A lot of work was done in the build-up to better understand how to set up the car and prepare the tyres to avoid overloading the rear axle. That provided a stronger baseline for the weekend and Mercedes is convinced this is a legitimate step.

“The big programme we were looking at was to try and get the car a bit more predictable through the weekend,” trackside engineering leader Andrew Shovlin said.

“What we found is that we can get it in a window but if the wind changes, the track temp changes, it quickly falls out of it and that was leading to poor performance in race and qualifying.

“Now there’s no doubt that we’re not where we need to be at the moment, we know that and we know that we’ve got work to do.

“But certainly working with the car across the weekend was easier, the balance of the car was more consistent.

“There are issues that we need to get on top of but we seem to have a more stable platform, one where its behaviour through the whole weekend is more consistent.”

Hamilton was encouraged by progress through practice and qualifying and was far more confident in the Mercedes W15, but described the car in the race as “pretty bad”.

He finished ninth after abandoning an attempted one-stop strategy, not helped by minor damage sustained in a brush with Charles Leclerc. This did not cause a dramatic total loss of downforce but it did induce more understeer into a car that was already understeering – which took its toll over a stint, especially the first one, as Mercedes had taken out some front wing before the race.

Despite Hamilton’s disappointment it’s fair to say Mercedes couldn’t show its true pace in the race in particular because of the strategy that cost significant time in the long first stint.

As Wolff said, Mercedes was better than the result suggested – although the prospect of a podium finish seems over-optimistic.

WHAT’S BEEN MISLEADING MERCEDES

The generally smoother weekend and improved qualifying showing, regardless of the final result, explains why Mercedes can at least be slightly encouraged. In particular, the pace in the high-speed first sector was positive.

Year-on-year Mercedes was 0.332s faster in the first sector: the second biggest gain of any team, with the W14 having been extremely mediocre through the sweeps in 2023.

So this was another real silver lining. As Wolff said: “It was one of the worst tracks for us last year and we're pretty close to the frontrunners - not Max, but the guys behind, in qualifying.

“That came as a surprise.
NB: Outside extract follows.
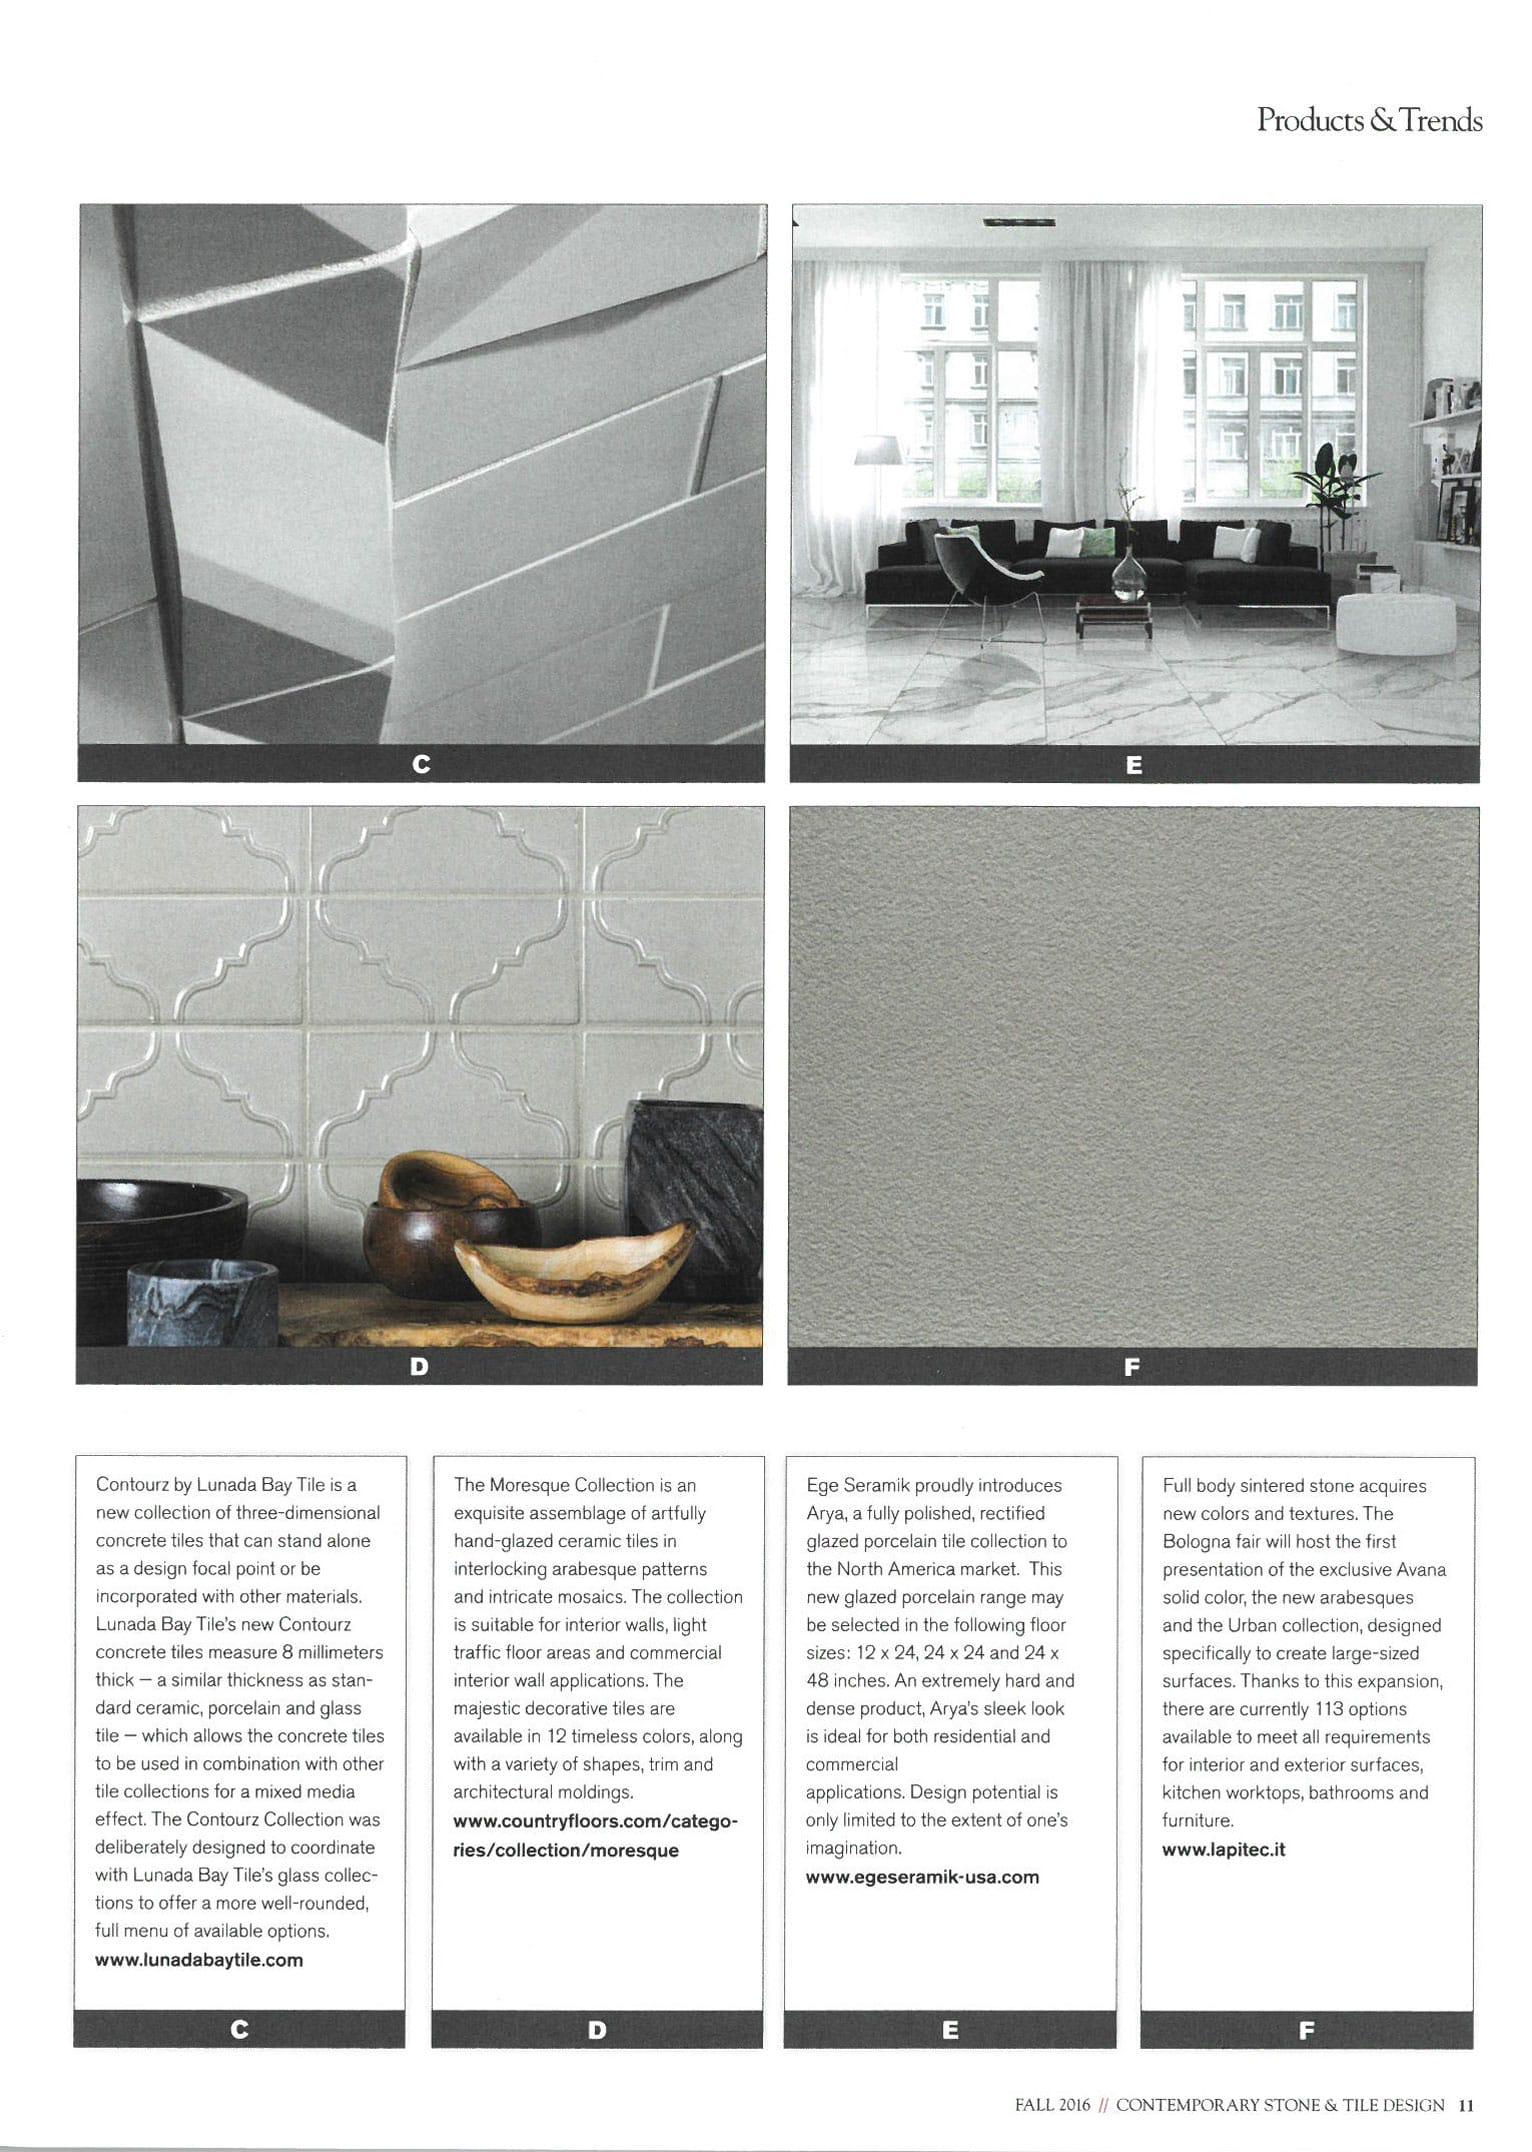 Contemporary Stone & Tile Magazine.

We were very quick through the esses, where last year we were nowhere.”

But beyond the gains Mercedes has made with its car, there is a point of confusion. Something about its development tools has been misleading the team. There has been talk of potential miscorrelation for several weekends now, beyond what would be considered a normal amount between the virtual world and the track.

Wolff said in Japan that the downforce Mercedes expects from this car is there, and is measurable, it just is not turning into performance.
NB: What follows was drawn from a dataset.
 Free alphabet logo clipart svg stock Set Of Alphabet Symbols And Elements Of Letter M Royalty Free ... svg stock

“We're measuring downforce with our sensors, pressure taps, and it's saying we have 70 points more downforce in a particular corner in Melbourne than we had last year, but on the laptime, it's not a km/h faster,” Wolff said.

“So where is the limitation? We wanted to tick some boxes to understand, is there a limitation we haven't spotted, and I think there is.”

Wolff had previously suggested that “there is still this behaviour of the car in a certain speed range that our sensors and simulations say ‘this is where we should have the downforce’, and we are not having it".

But that is not quite the case, as he emphatically confirmed this when asked by The Race to clarify if the downforce is there but the laptime isn’t.

“That's exactly what I'm saying, yeah,” he said.

“Everything over these two years that you have seen points that there should be more downforce than we believe there is. Now we've measured the downforce and it's there, we're just not able to extract the laptime out of it that we should and that simulations show us.

“And it's not trivial. I see you looking at me like 'what the hell?' - and imagine what we think!”